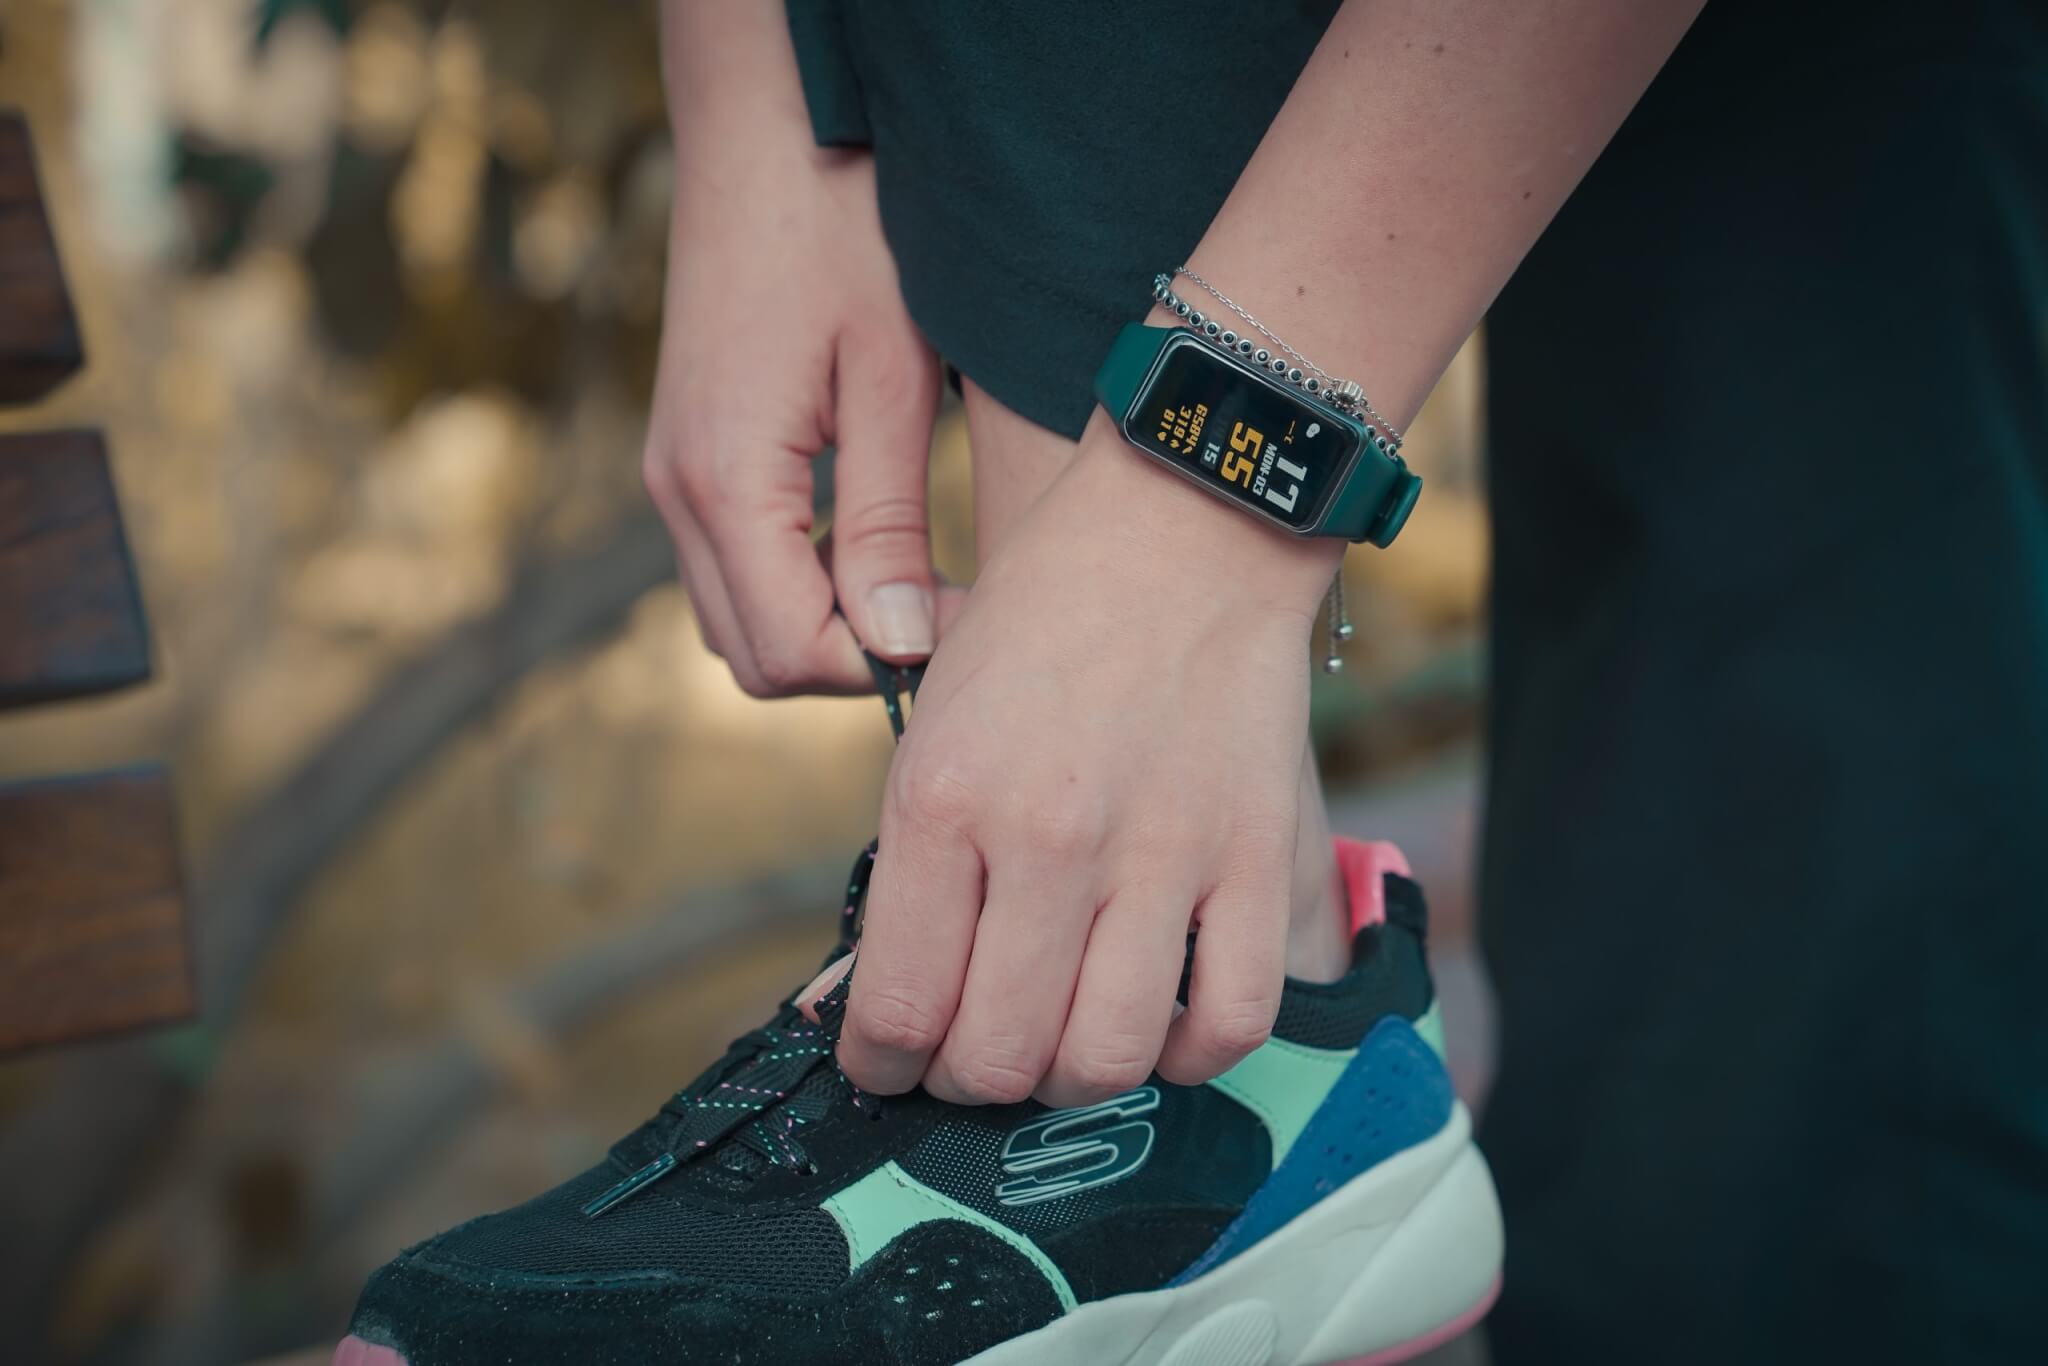 Those most at risk of heart disease use wearable fitness trackers the least
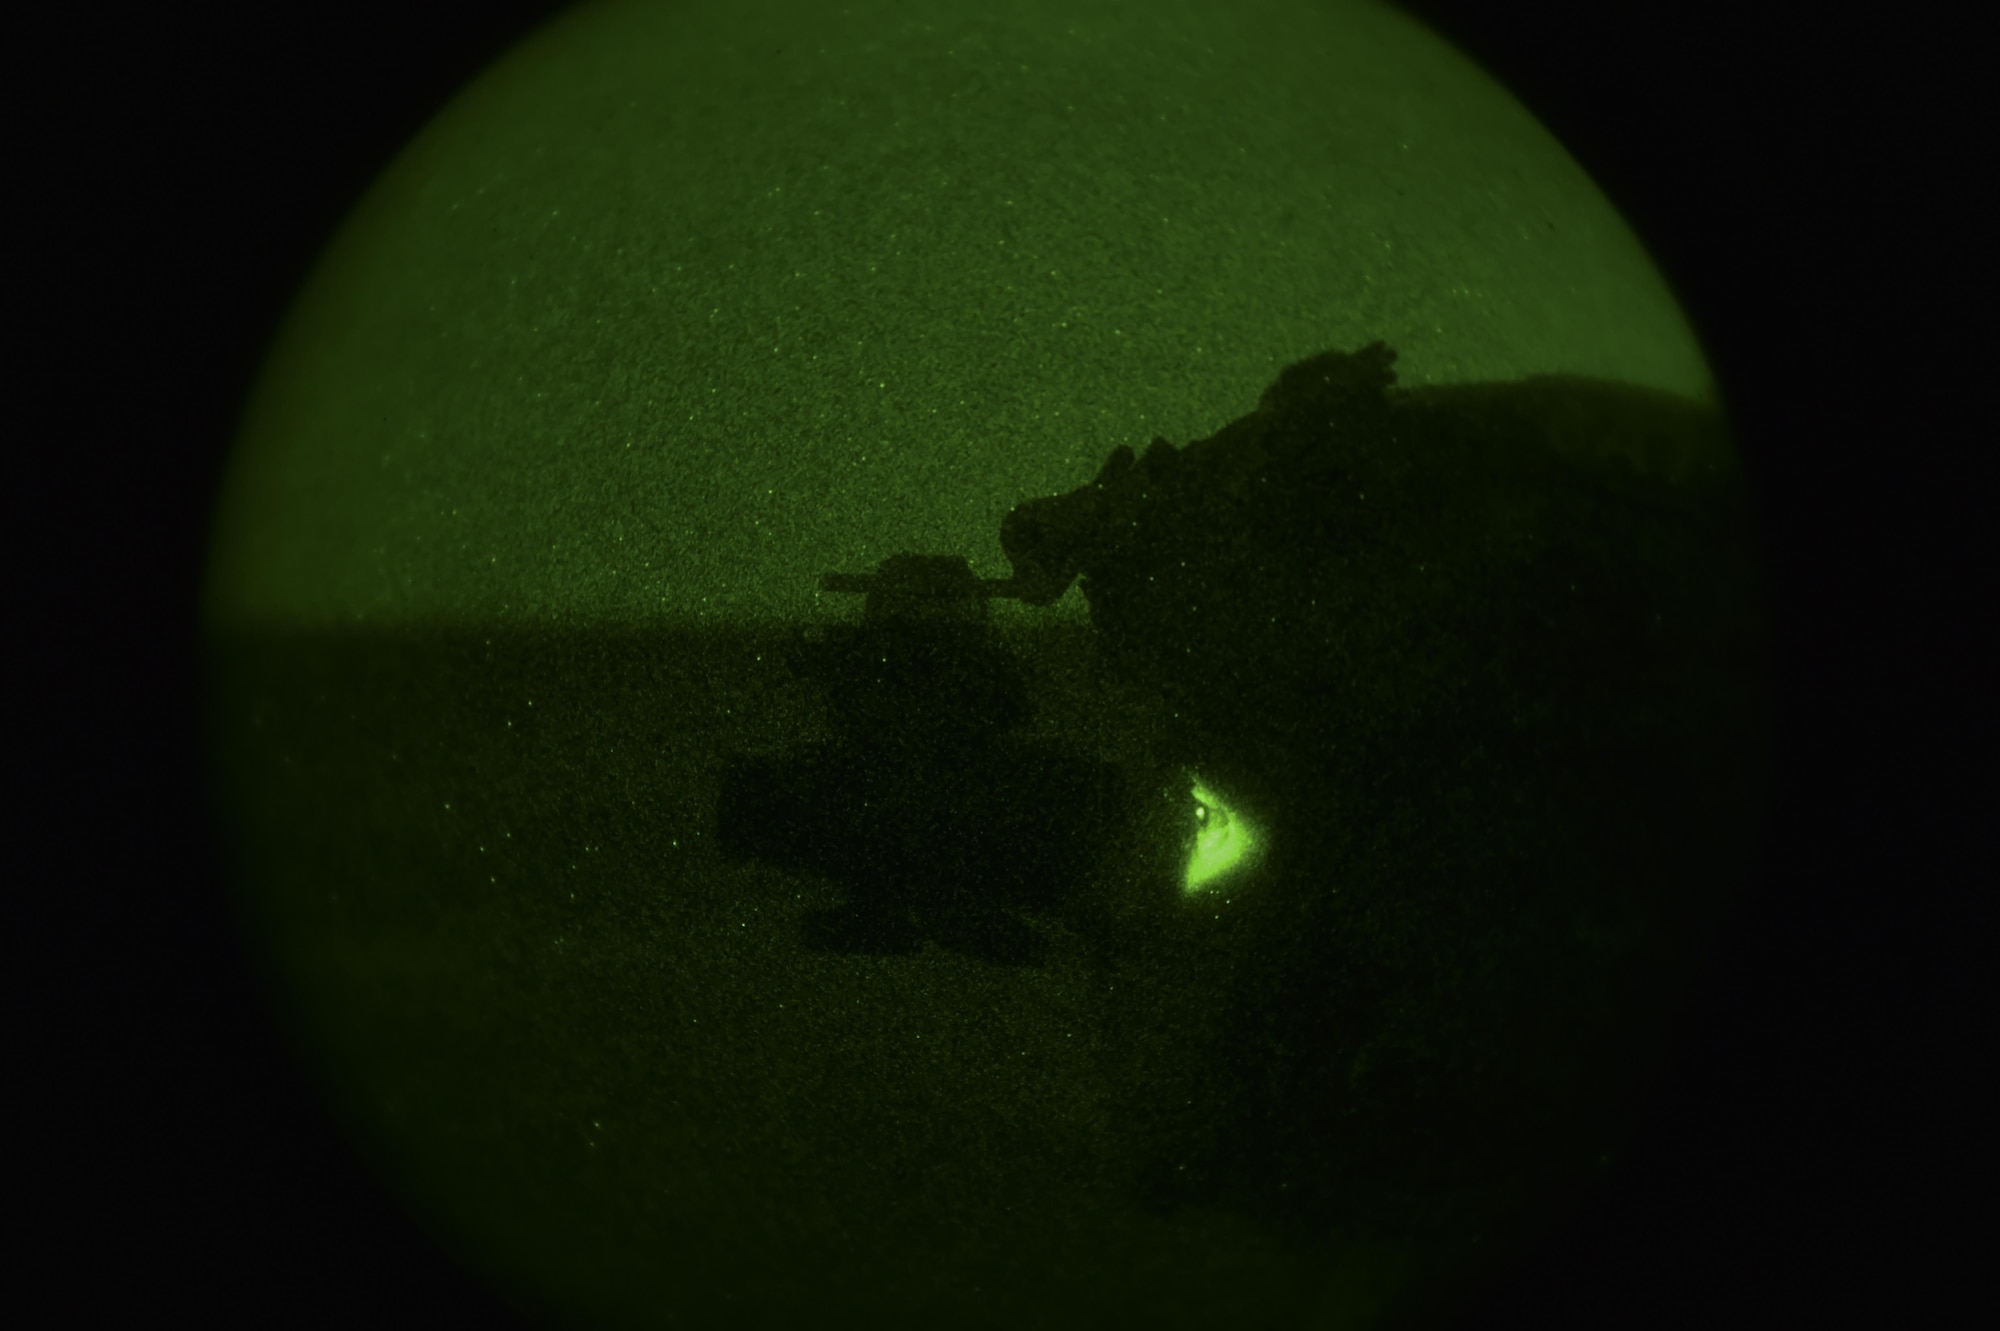 A Soldier with the 1st Battalion, 10th Special Forces Group, uses night vision goggles to participate in call-for-fire training at the Eglin Range, Eglin Air Force Base, Fla., March 17, 2017. The 1st Special Operations Support Squadron Operational Support Joint Office coordinates two-week long training programs for Army, Navy and Marine special operations forces that provides live-fire ranges and familiarizes them with Air Force Special Operations Command aircraft to ensure global readiness. (U.S. Air Force photo by Airman 1st Class Joseph Pick)
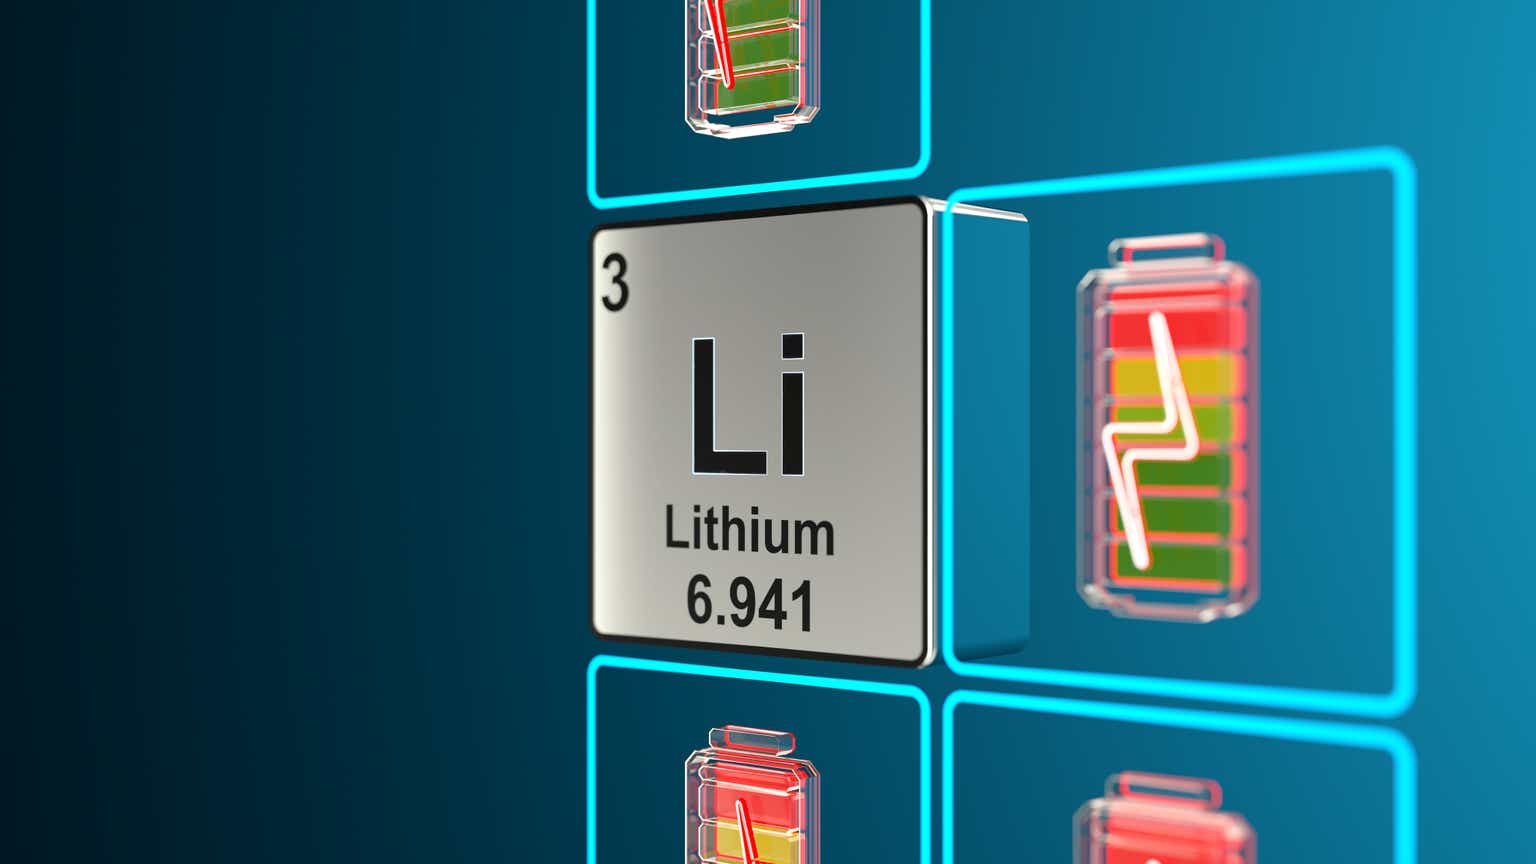 Standard Lithium: No More Than Neutral With Bleaker Li Prospects (NYSE:SLI)

- [Exercise prompt]: Transcribe the listing above verbatim. Omit the pictures.

- [Response box]:
 Those most at risk of heart disease use wearable fitness trackers the least
 A Soldier with the 1st Battalion, 10th Special Forces Group, uses night vision goggles to participate in call-for-fire training at the Eglin Range, Eglin Air Force Base, Fla., March 17, 2017. The 1st Special Operations Support Squadron Operational Support Joint Office coordinates two-week long training programs for Army, Navy and Marine special operations forces that provides live-fire ranges and familiarizes them with Air Force Special Operations Command aircraft to ensure global readiness. (U.S. Air Force photo by Airman 1st Class Joseph Pick)
 Standard Lithium: No More Than Neutral With Bleaker Li Prospects (NYSE:SLI)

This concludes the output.